Oui, la ministre Charlebois se dit consciente des problèmes dans le fonctionnement des centres et voit la situation « en évolution ». Mais les solutions préconisées ne vont peut-être pas dans le sens d’une réelle amélioration des services. Dans ce gouvernement, on semble généralement voir les choses d’un point de vue logistique et, surtout, pécuniaire.

Oui, on ajoute des subventions là où on en a trop enlevé. On déplace le pactole de l’administration aux services, dit-on.

Je cite l’article de Tommy Chouinard et Katia Gagnon, du 8 juin : « …les coupes de 20 millions imposées l’an dernier se sont faites “dans l’administration” et 58 millions ont été ajoutés dans les services ».

Quand on parle d’« administration », on parle aussi de personnes réelles. C’est ce qui me fascine toujours quand j’entends parler le politique. On dit « structure », « organisation », « sur le terrain ». Or, ces mots recouvrent une réalité humaine qui se voit ignorer son potentiel de réaction aux changements et mutations imposés.

On parle de la clientèle vulnérable, mais parle-t-on suffisamment de l’impact qu’aura sur cette « clientèle », ces jeunes, ces enfants, ces familles, l’effet pervers des coupes sur ceux qui offrent les services ?

Tous ces gens qui travaillent auprès des personnes en besoin d’appui, de soin, d’attention, d’éducation sont aussi vulnérables aux changements et restrictions que l’on impose à leur fonction.

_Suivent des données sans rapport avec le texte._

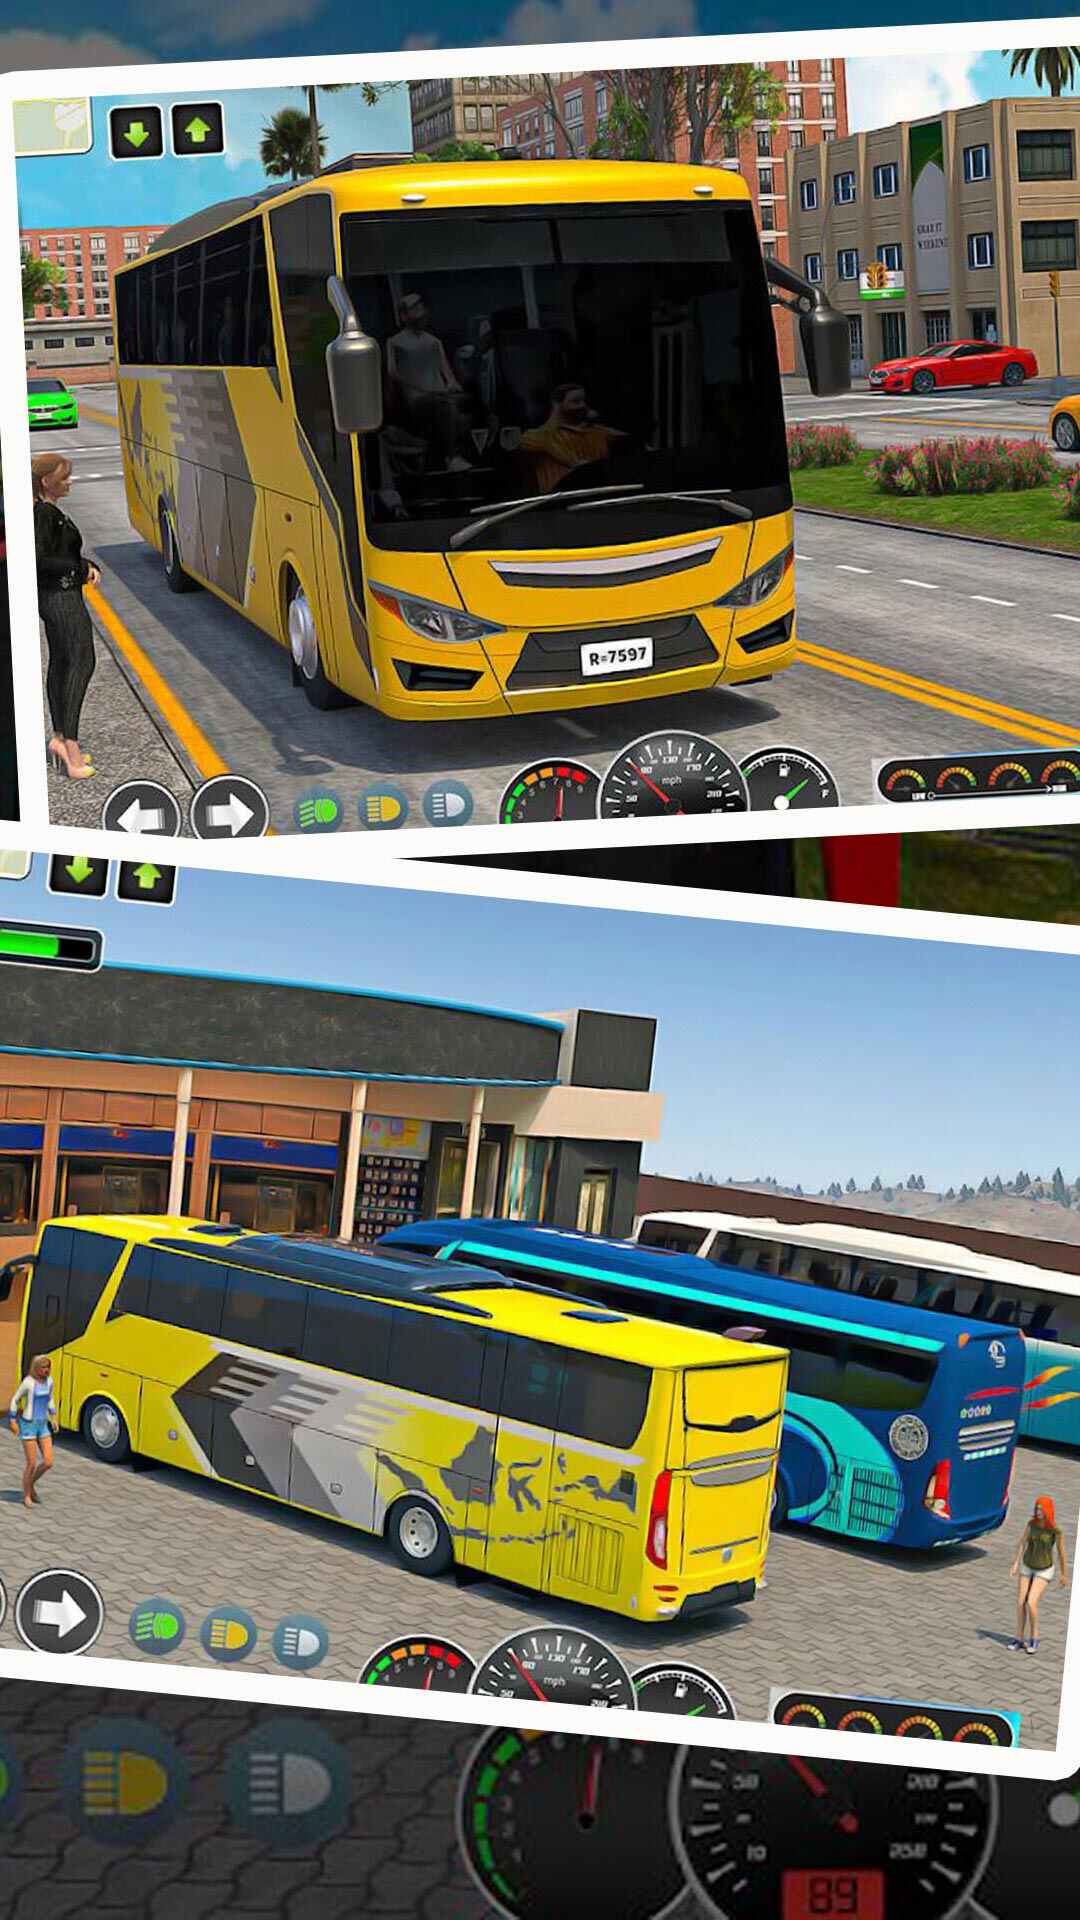 模拟3D客车游戏
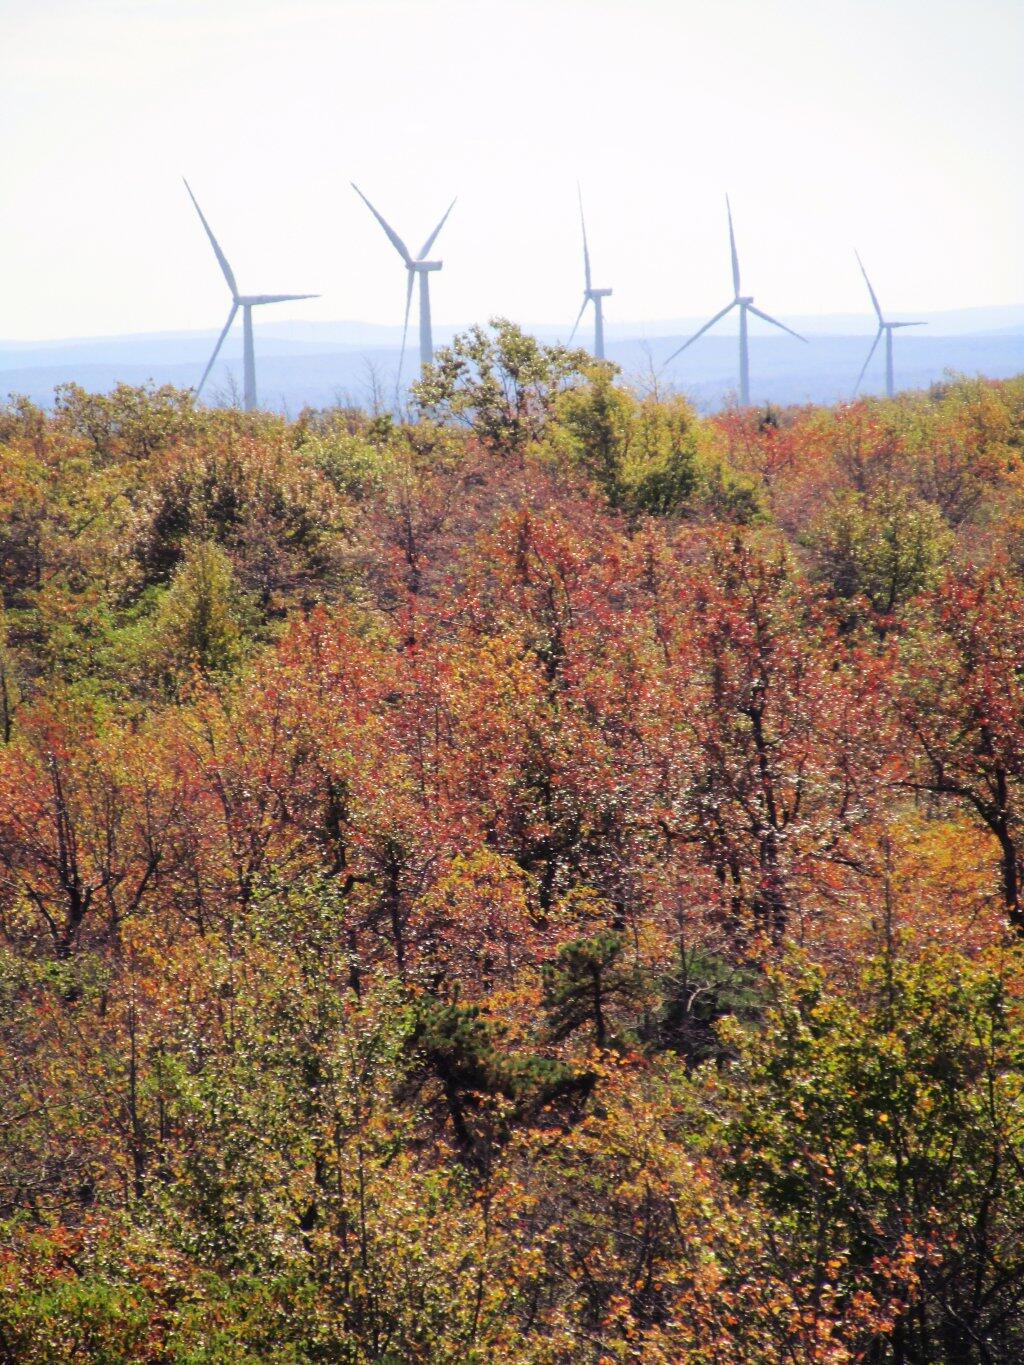  Negro Mountain Wind Farm

Le gouvernement n’a pas des boules de billard à déplacer au gré de ses réformes et plans d’action multiples. Ce sont des humains qui réagissent comme ils peuvent à la pression et de leur clientèle et de leurs patrons.

RISQUE D'EXPLOSION

Si l’on parlait maintenant de dynamique organisationnelle, un beau concept qui devrait en principe toucher une corde sensible chez nos dirigeants. Ce n’est pas ma spécialité, mais je sais qu’il y a indéniablement une mécanique dont on doit tenir compte dans l’optimisation (autre joli terme) des services. C’est un peu la formule gagnant-gagnant qui fut à la mode il y a quelque temps.

Si je parle en des termes qui me sont plus familiers, un aidant, thérapeute ou intervenant se doit d’être en suffisamment bonne posture pour offrir un service de qualité. Il peut être avisé de couper dans le gras de l’administration, mais les réformes et changements de procédures à répétition minent le moral des troupes, ce qui rejaillit sur la base.

Ce que je veux dire, c’est qu’à force de bousculer tous les intervenants et gestionnaires du réseau de la santé, le gouvernement expose le système à un risque d’explosion imminent. C’est ça que dit André Lebon.

La qualité des soins aux personnes vulnérables, en détresse, malades psychologiquement, implique nécessairement une qualité de lien qui ne s’acquiert qu’avec le temps. Le temps passé avec une même personne-ressource renforce le potentiel de guérison, d’adaptation.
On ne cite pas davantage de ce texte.